ところが、Sol Cestoにはこの「確率」を自分の手でいじる手段がある。それが「歯」だ。
各フロアのクリア条件——どこまでリスクを取るか
各フロアには「最低限踏まなければいけないタイル数」が設定されている。たとえば「5タイルをクリアしろ」と指示されたら、少なくとも5回はグリッドのどこかに着地しなければ次のフロアへの出口が開かない。
ここが面白い。必要数をクリアしたあとも、追加でタイルを踏み続けることができる。追加で踏めば報酬が増えるが、モンスターや罠に当たるリスクも増える。「もう1マス踏んでおくか、それとも出口に向かうか」——この判断の繰り返しが、Sol Cestoにプッシュ・ユア・ラック(運試し)の緊張感を与えている。

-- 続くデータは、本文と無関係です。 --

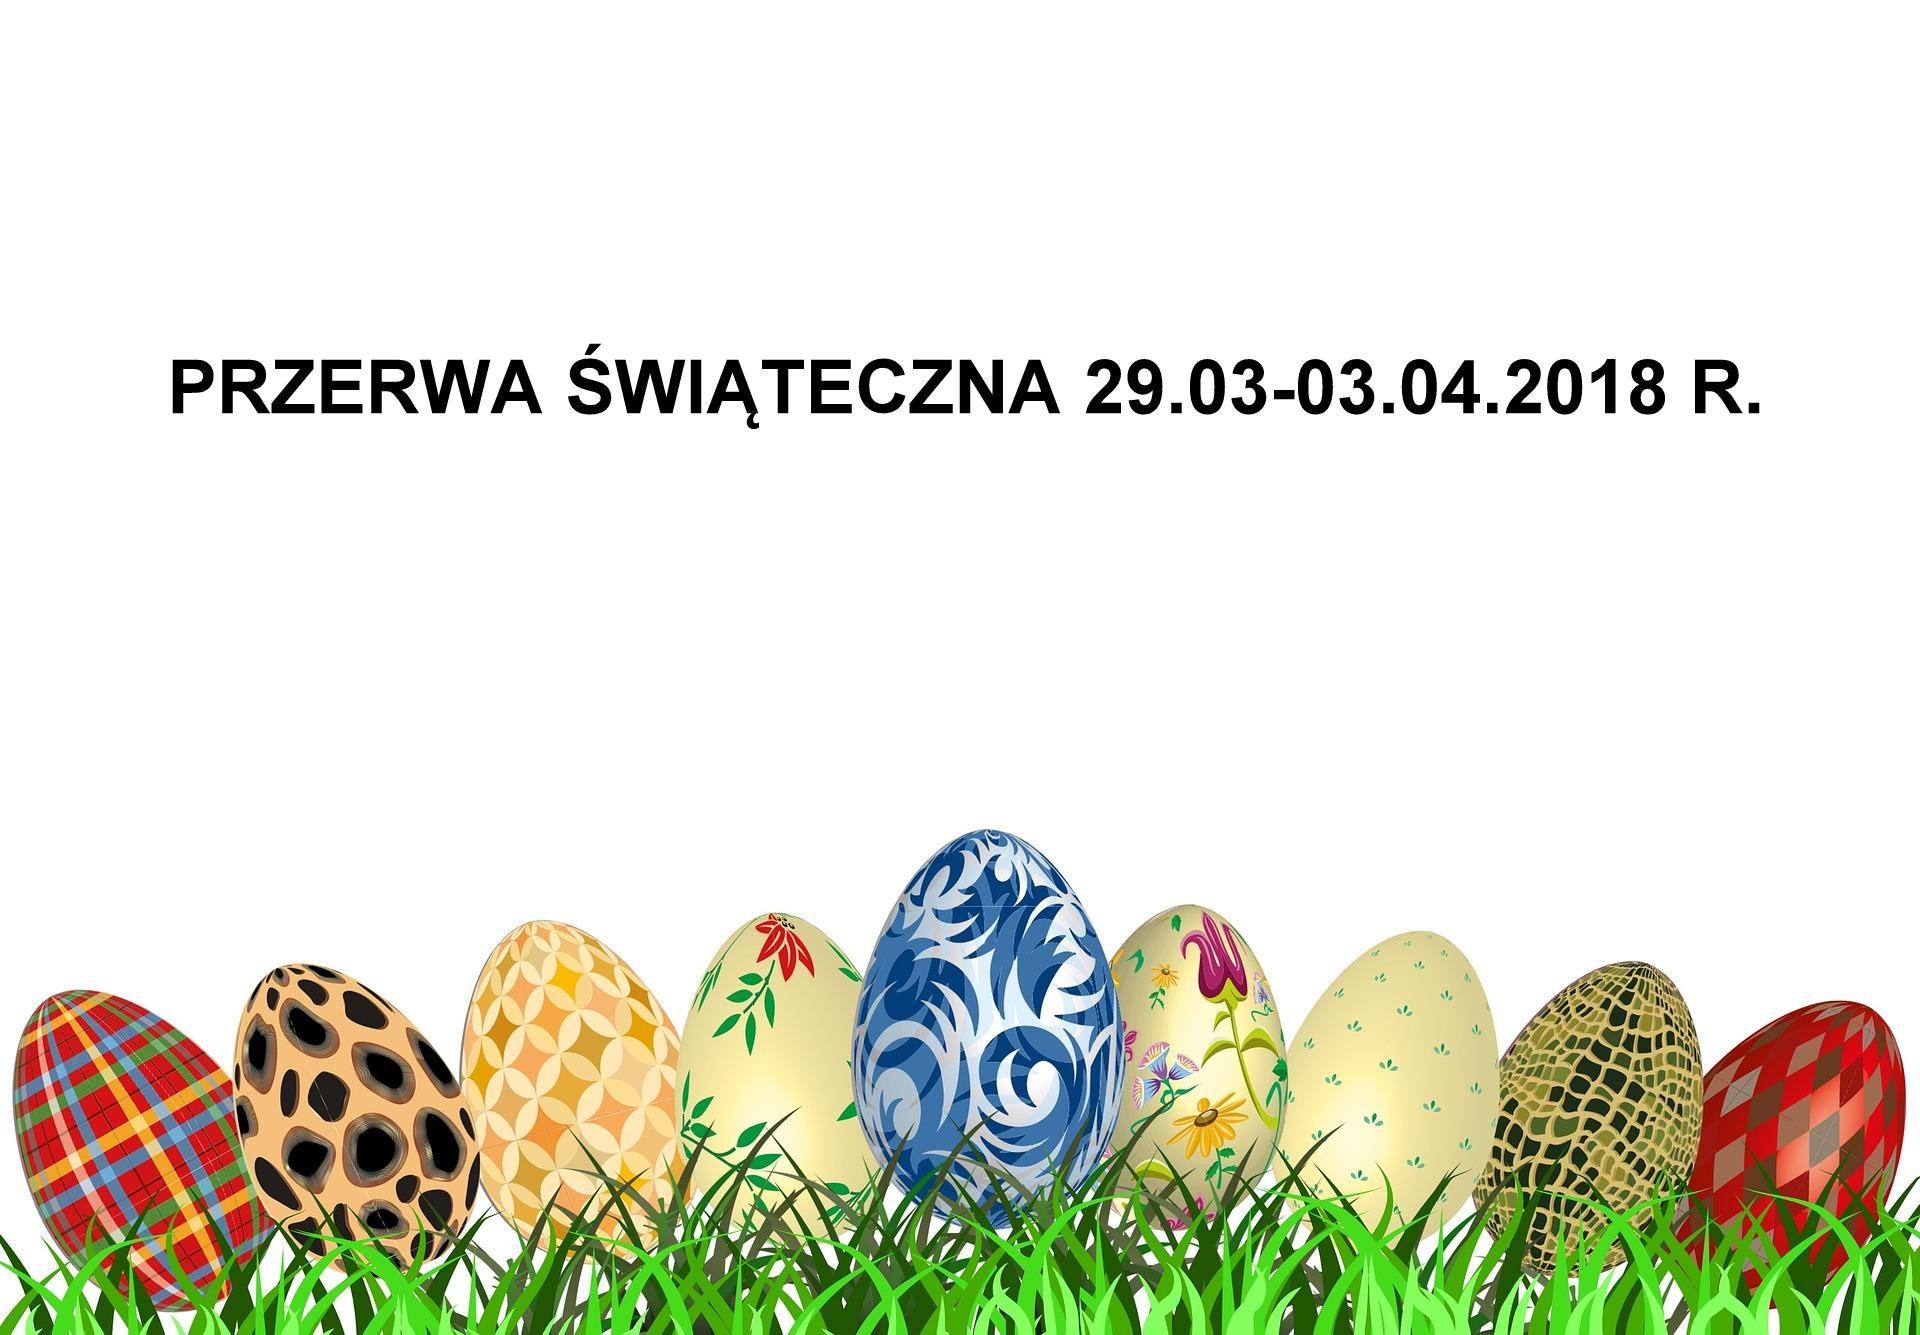 PRZERWA ŚWIĄTECZNA - 29.03-03.04.2018 r.

しかも同じ列から何度もタイルを踏むと、すでに踏んだタイルは除外されるため、残りのタイルに着地する確率が変わる。列の4マスのうち3マスを踏んでしまえば、残りの1マスに100%着地する。この「確率の変動」を計算に入れながら、どの列からどの順番でタイルを踏むかを決めていく。算数的な快感がある。
戦闘ステータスの仕組み
Sol Cestoのキャラクターには「近接攻撃力」と「魔法攻撃力」の2つの戦闘ステータスがある。モンスタータイルに着地すると戦闘になるが、その結果はこのステータスで決まる。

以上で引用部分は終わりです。